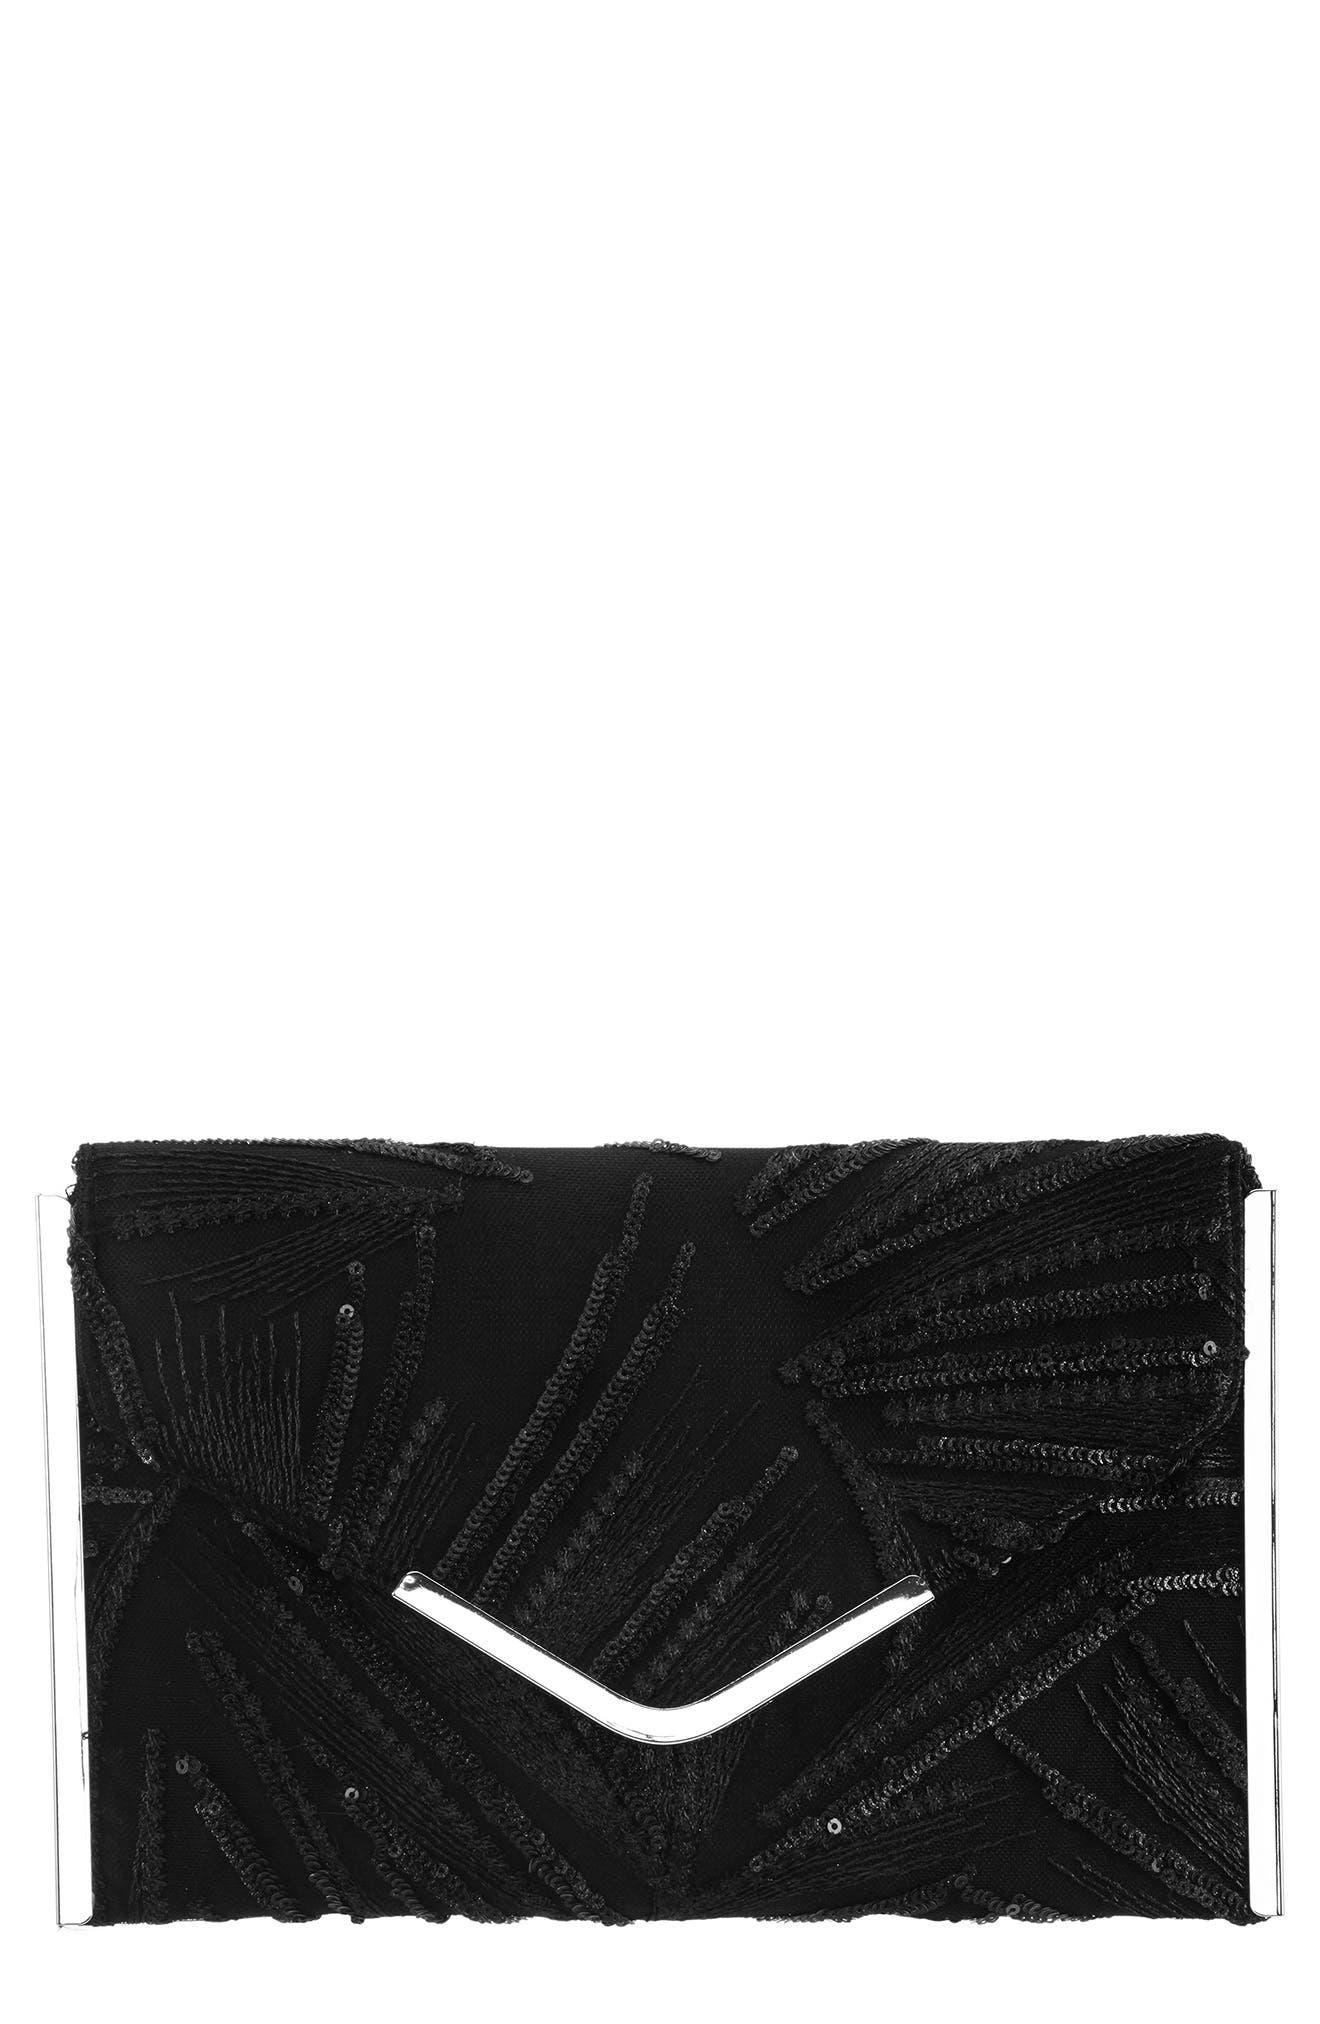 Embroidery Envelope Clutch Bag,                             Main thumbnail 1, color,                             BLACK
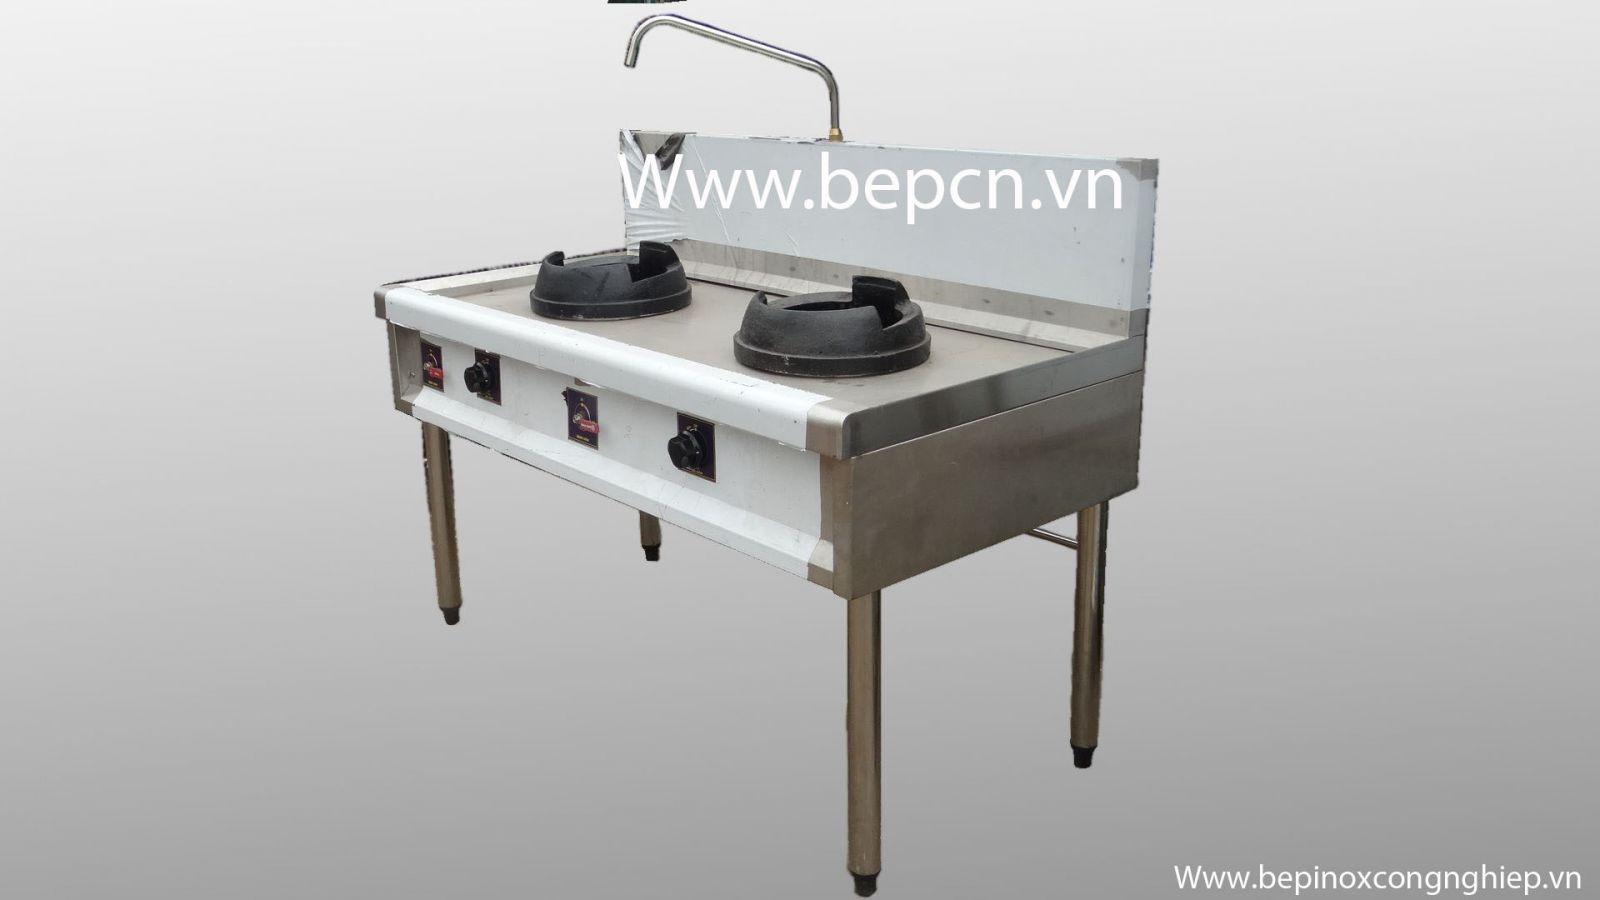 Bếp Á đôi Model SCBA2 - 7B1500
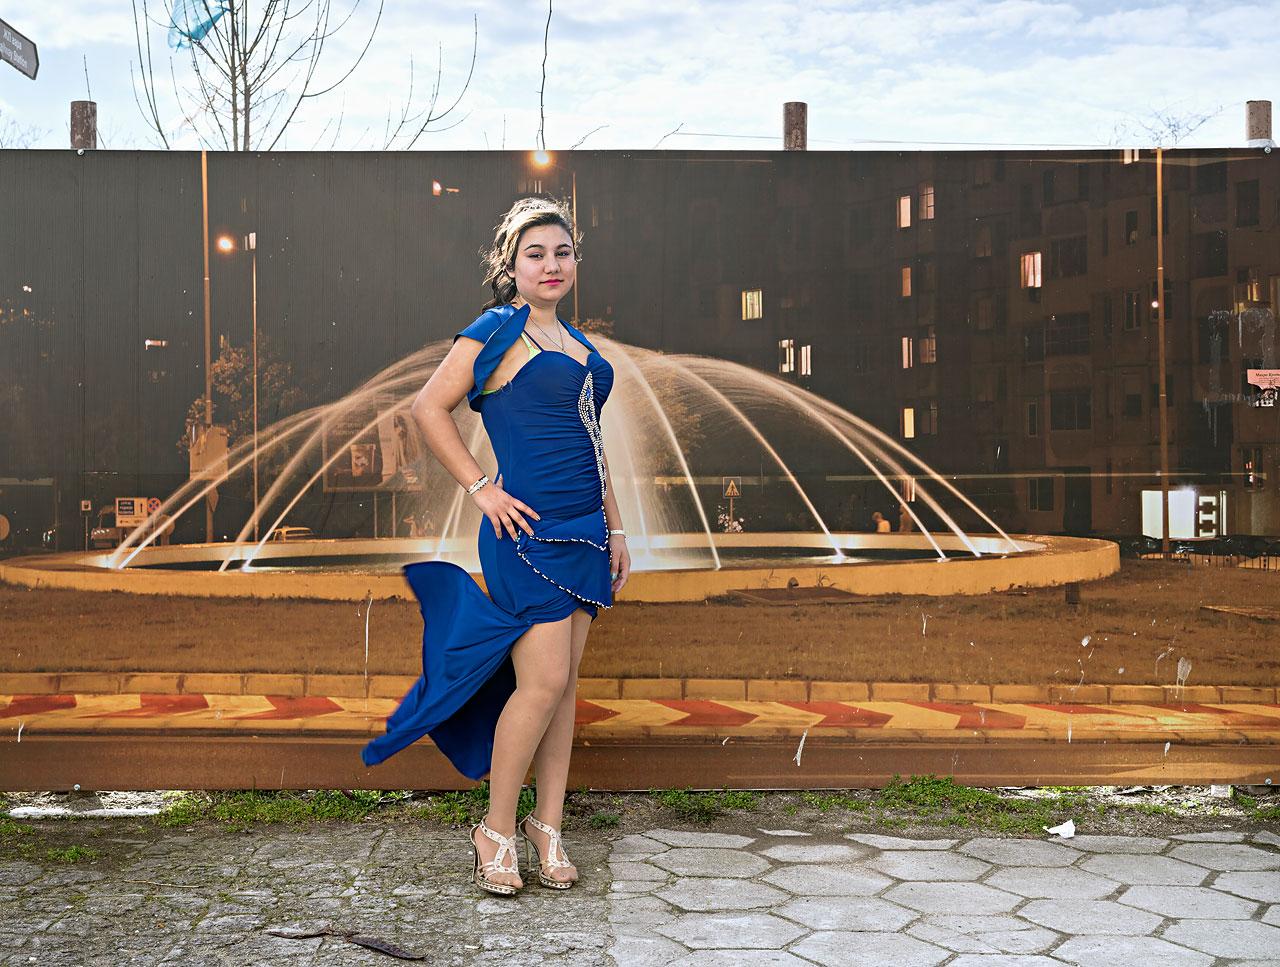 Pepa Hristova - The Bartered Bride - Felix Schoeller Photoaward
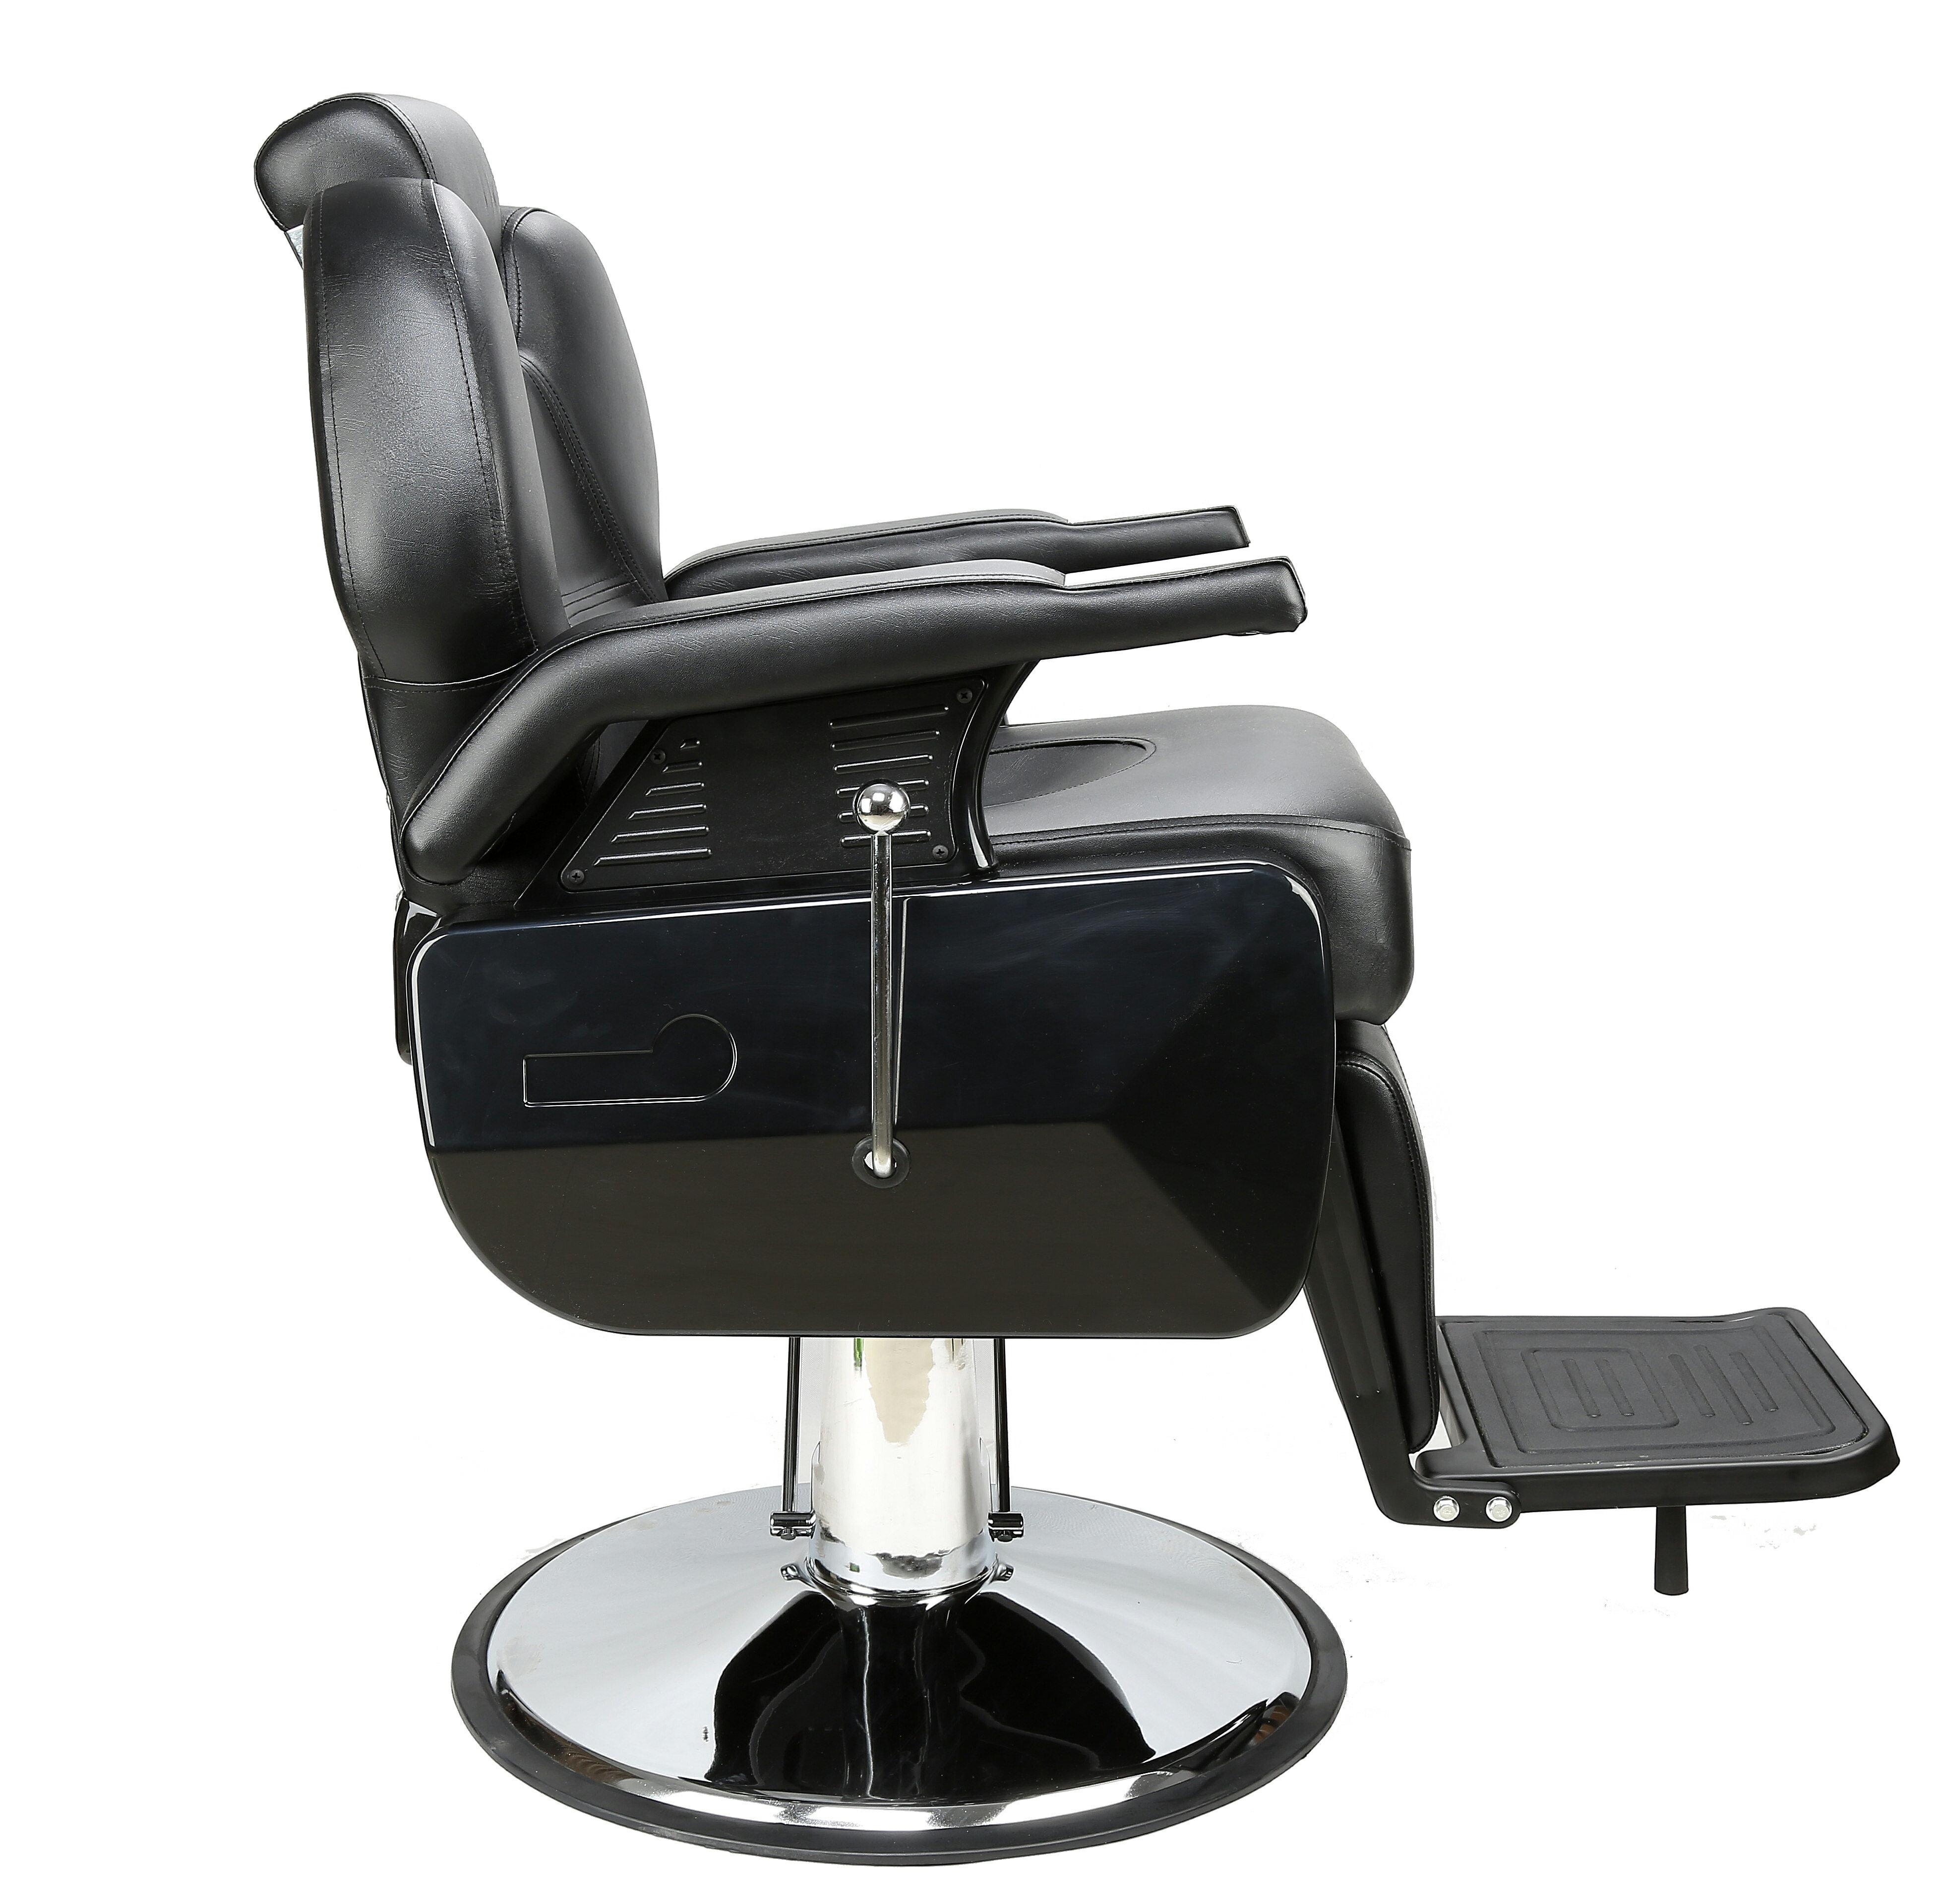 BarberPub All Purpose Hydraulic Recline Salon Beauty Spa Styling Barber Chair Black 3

Exercise directions: Set down the whole listing exactly as given, except for the pictures.

Solved exercise:
 Embroidery Envelope Clutch Bag,                             Main thumbnail 1, color,                             BLACK
 Bếp Á đôi Model SCBA2 - 7B1500
 Pepa Hristova - The Bartered Bride - Felix Schoeller Photoaward
 BarberPub All Purpose Hydraulic Recline Salon Beauty Spa Styling Barber Chair Black 3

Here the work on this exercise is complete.